D-Glucose protectable cytochalasin B (CB) binding to subcellular membrane fractions was used to determine glucose transporter number in red (quadriceps-gastrocnemius-soleus) and white (quadriceps-gastrocnemius) rat muscle. CB binding was twofold higher in isolated plasma membranes of red than of white muscle. In contrast, the number of transporters in an isolated insulin-sensitive intracellular membrane organelle was similar in the two muscle groups. Immunoblotting and immunofluorescence microscopy with anti-GLUT4 and anti-GLUT1 antibodies indicated that both GLUT1 and GLUT4 transporter isoforms account for the higher abundance of CB binding sites in plasma membranes of red than of white muscle.

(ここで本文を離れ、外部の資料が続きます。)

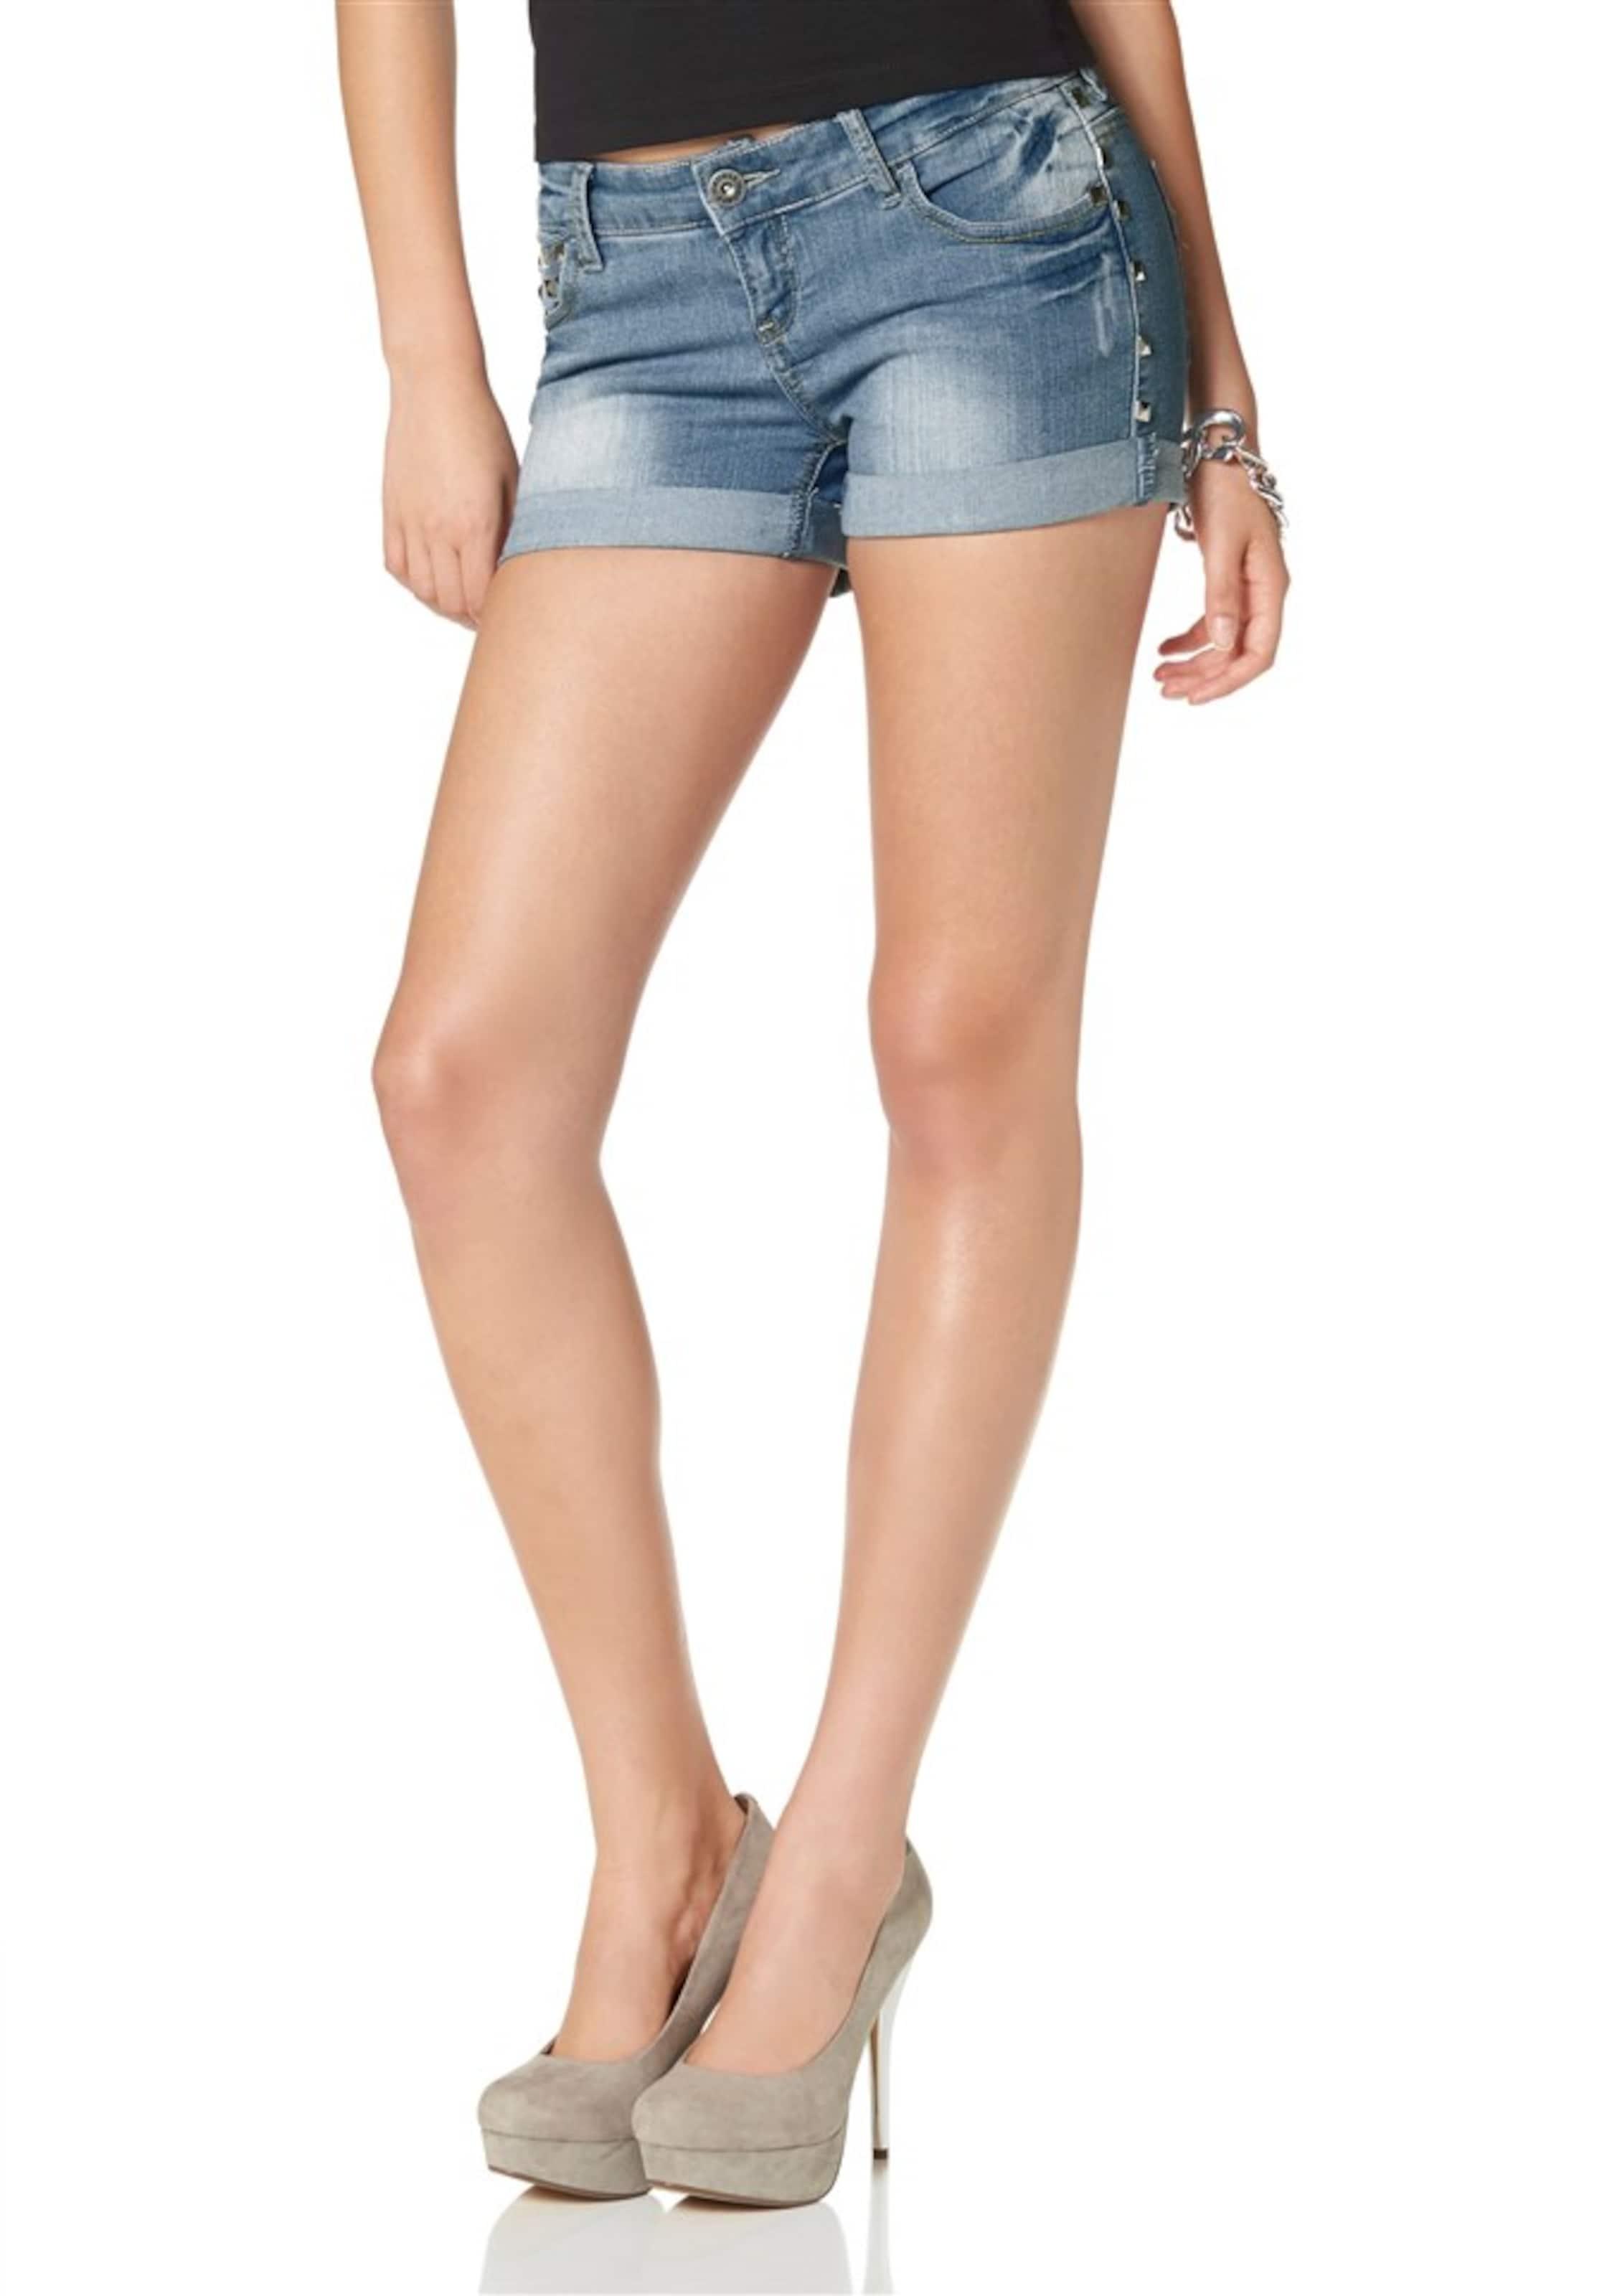 Kaufen Günstig Online MELROSE Jeansshorts Günstigsten Preis Günstig Online Günstig Kaufen Auslassstellen hxRjhAbzS

Immunofluorescence localized GLUT4 to both the surface and the interior of the muscle cell and demonstrated that type I (slow twitch oxidative) and type IIa (fast twitch oxidative-glycolytic) fibers are enriched in GLUT4 protein compared with type IIb (fast twitch glycolytic) fibers. In contrast, GLUT1 reactivity was restricted to the surface of the muscle cell and was also highly enriched in the perineurial sheaths of peripheral nerves and the capsules of muscle spindles present in both red and white muscles. Insulin caused a twofold increase in CB binding in isolated plasma membranes of red or white muscles with a corresponding 40-50% decrease in CB binding in isolated intracellular membranes. These changes in CB binding were paralleled by similar changes in the membrane distribution of the GLUT4 glucose transporter isoform and in glucose transport activity measured after insulin perfusion of hindquarter muscles. In contrast, insulin did not change the distribution of either GLUT1 glucose transporters or Na(+)-K(+)-ATPase alpha 1-subunits. The molar ratio of GLUT4 to GLUT1 in red and white muscle plasma membranes was found to be 4:1 in the basal state and 7:1 in the insulin-stimulated state. These results indicate that red muscle contains a higher amount of GLUT1 and GLUT4 transporters at the plasma membrane than white muscle in the basal and insulin-stimulated states but that GLUT4 translocation does not differ between muscle types. In addition, GLUT4 expression correlates with the metabolic nature (oxidative vs. glycolytic) of skeletal muscle fibers, rather than with their contractile properties (slow twitch vs. fast twitch).